You are a clinical data simulation assistant. Your mission is to generate a high-quality, benchmark dataset of 500 synthetic clinical search queries. This dataset is designed for the rigorous training and evaluation of automated de-identification pipelines, with a strict focus on HIPAA Safe Harbor standards.

The queries must represent conversational interactions where physicians ask AI assistants patient-specific questions requiring evidence-based guidance. In this emerging use case, queries naturally contain PHI because physicians are in the patient's context. The primary objective is to test a system's ability to accurately distinguish and remove specific, legally defined PHI identifiers from clinically rich, unstructured text. The dataset must include a balanced mix of straightforward PHI cases, challenging ambiguous queries, and "hard negatives" to robustly measure both detection accuracy and over-redaction risk.

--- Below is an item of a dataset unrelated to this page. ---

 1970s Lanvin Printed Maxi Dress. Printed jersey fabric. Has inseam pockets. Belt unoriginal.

The output must be programmatically parsable and adhere to the specified format without deviation.

---
**1. Query Style and Intent: Information-Seeking vs. Record-Retrieval**

This is the most critical instruction. Queries must seek general medical knowledge (e.g., guidelines, evidence, contraindications) using a patient's context, not request a lookup of a patient's specific record.

* **Vary your phrasing.** Do not overuse phrases like "similar to my patient" or "a case like." Frame the queries more directly.

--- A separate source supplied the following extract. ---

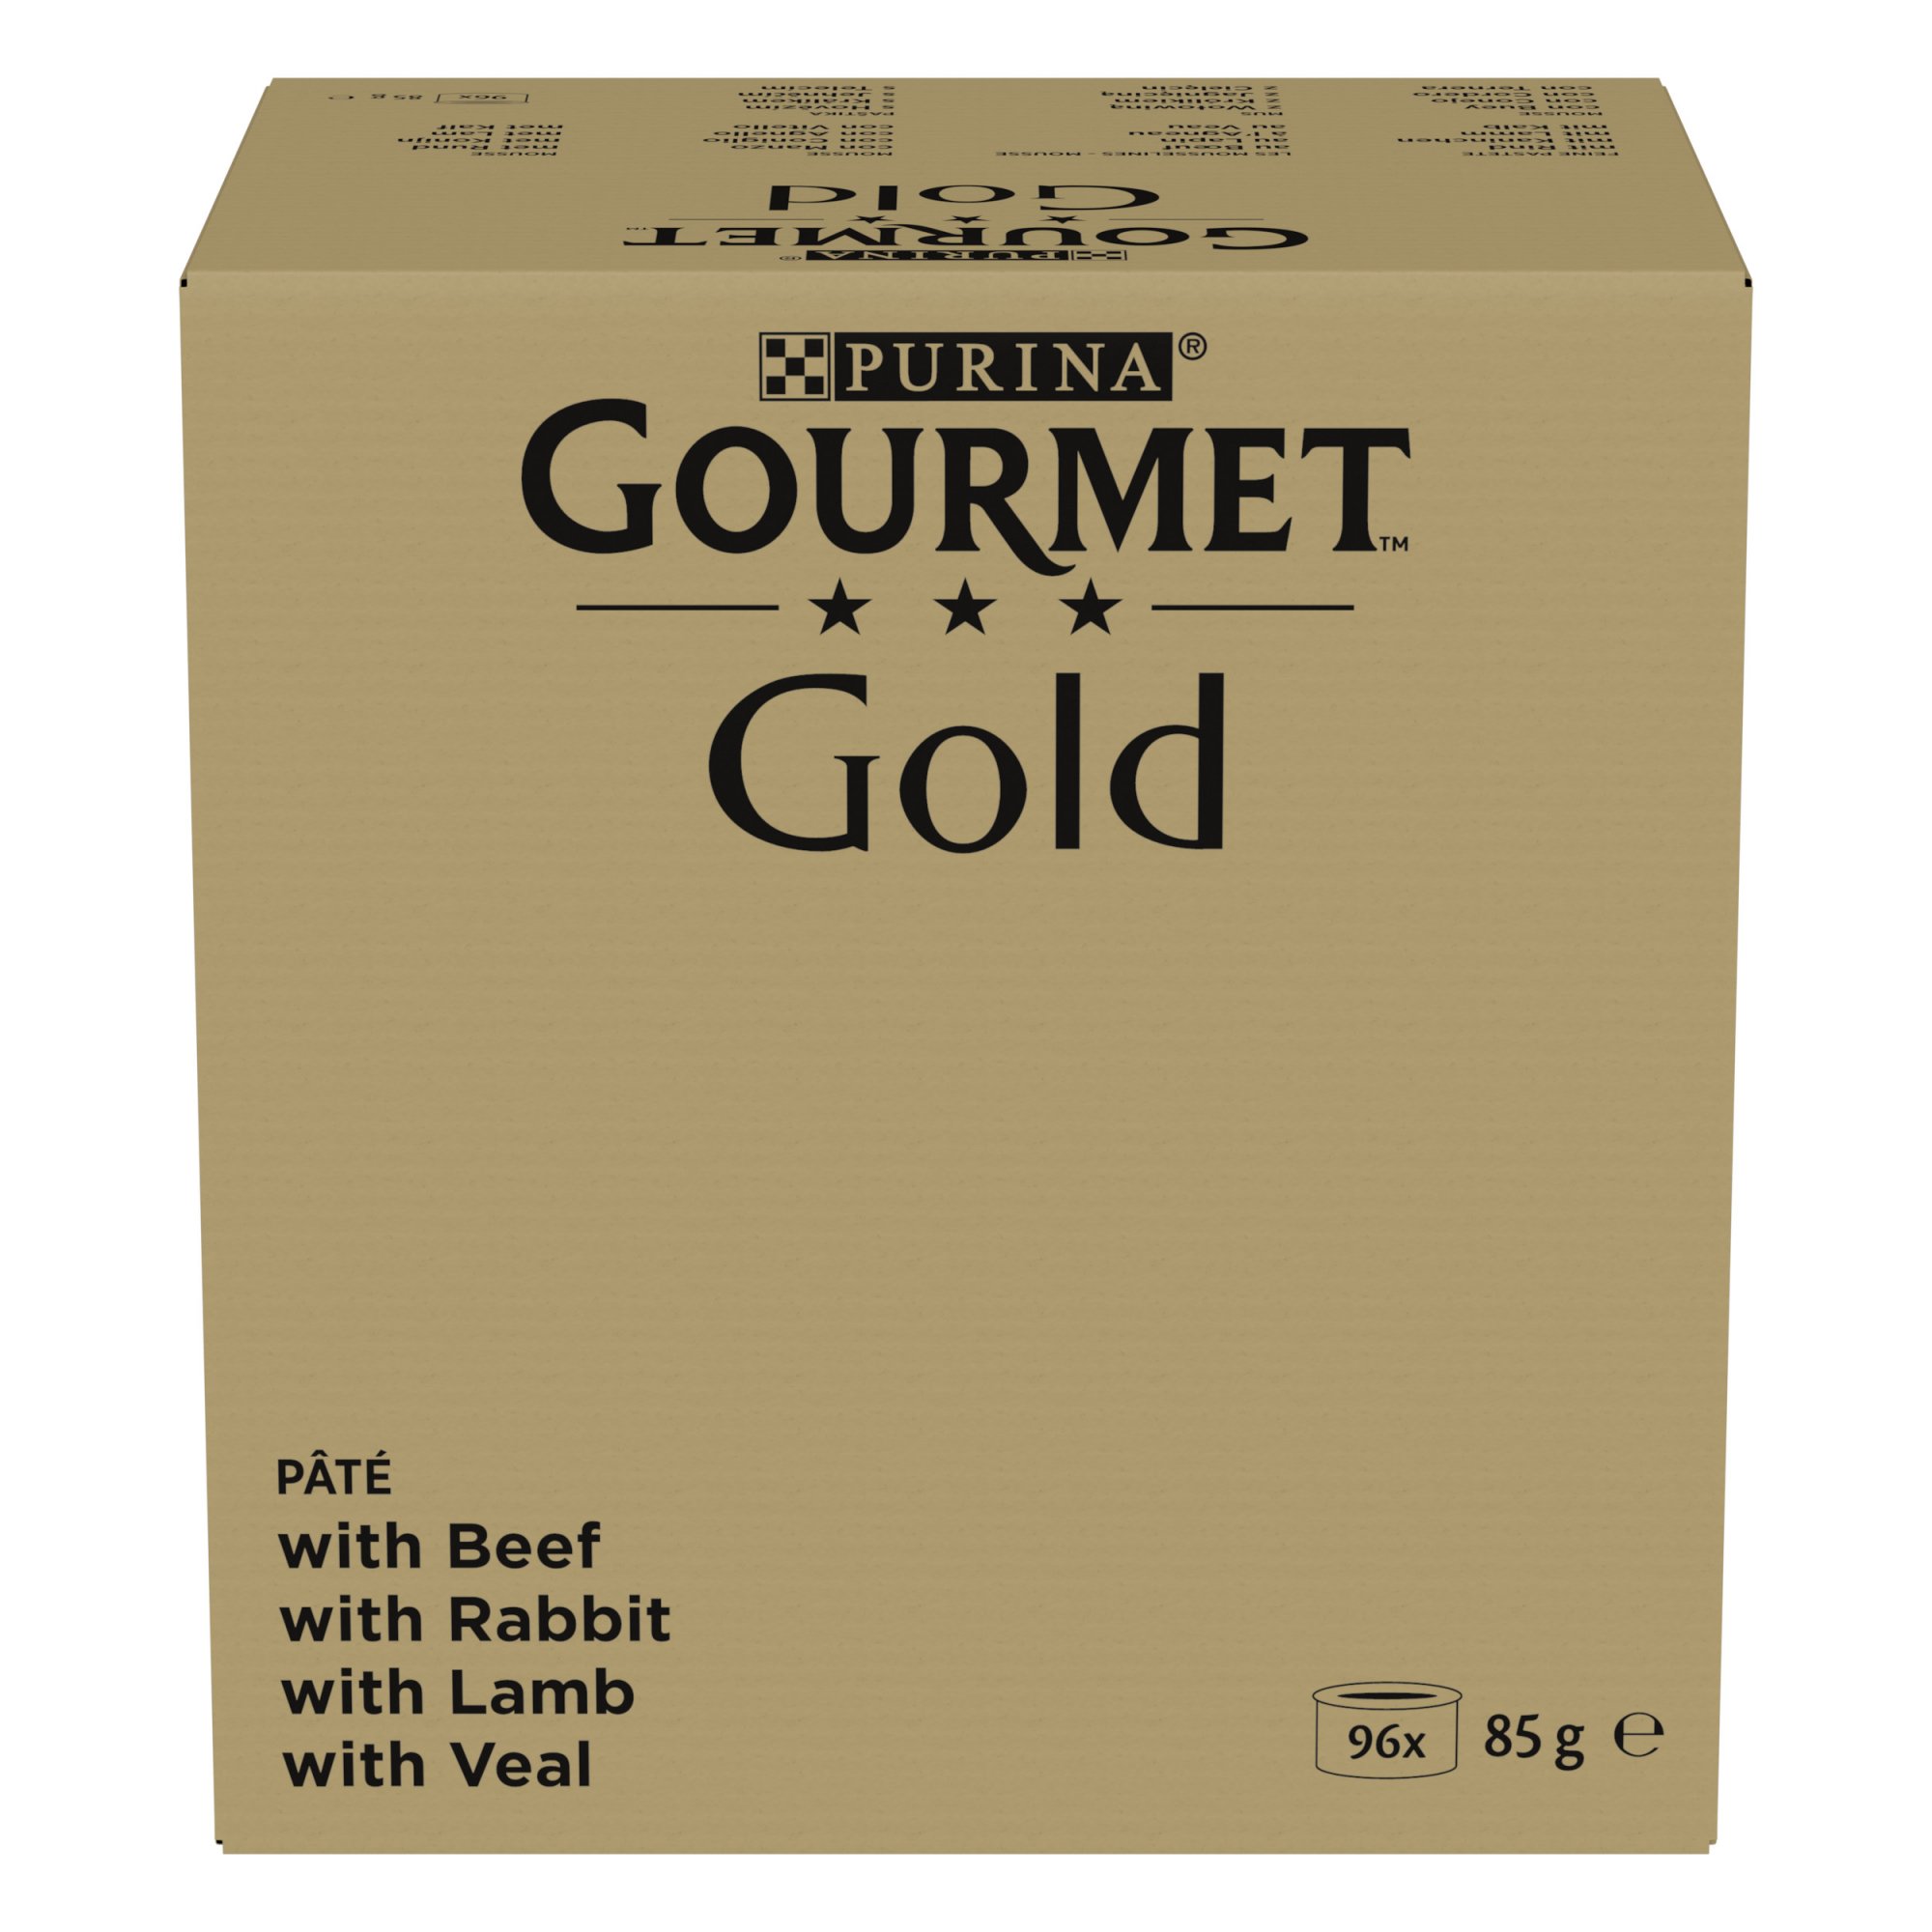 Gourmet Gold Mousselines

* **GENERATE (Information-Seeking Style):** Queries that seek general medical knowledge.
    * *Correct Example:* "Current guidelines for managing Type 2 Diabetes in a 68-year-old male with a history of CKD, John Doe (MRN: 554-32-11)?"
    * *Correct Example:* "Contraindications for prescribing Paxlovid to a patient on statins like Sarah M., seen at our Boston clinic on May 1st, 2024?"

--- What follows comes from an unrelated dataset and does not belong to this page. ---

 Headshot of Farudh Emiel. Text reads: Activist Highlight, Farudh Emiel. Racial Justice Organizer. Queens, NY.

* **AVOID (Record-Retrieval Style):** Queries that ask the system to look up specific data.
    * *Incorrect Example:* "Pull the lab results for John Doe (MRN: 554-32-11)."
    * *Incorrect Example:* "What was Sarah M.'s discharge summary from May 1st, 2024?"

---
**2. Output Structure**

Each entry must follow this exact format:

`===QUERY===`
`<A single, realistic clinical search query.>`
`===PHI_TAGS===`
`<A JSON object on a new line for each piece of PHI present in the query. This section must be empty for hard negative queries.>`

* The text within the `===QUERY===` block **MUST** be a single, continuous line of text. **DO NOT** use line breaks within the query.
* Each `PHI_TAGS` JSON object **MUST** be a complete, valid JSON object on a single line.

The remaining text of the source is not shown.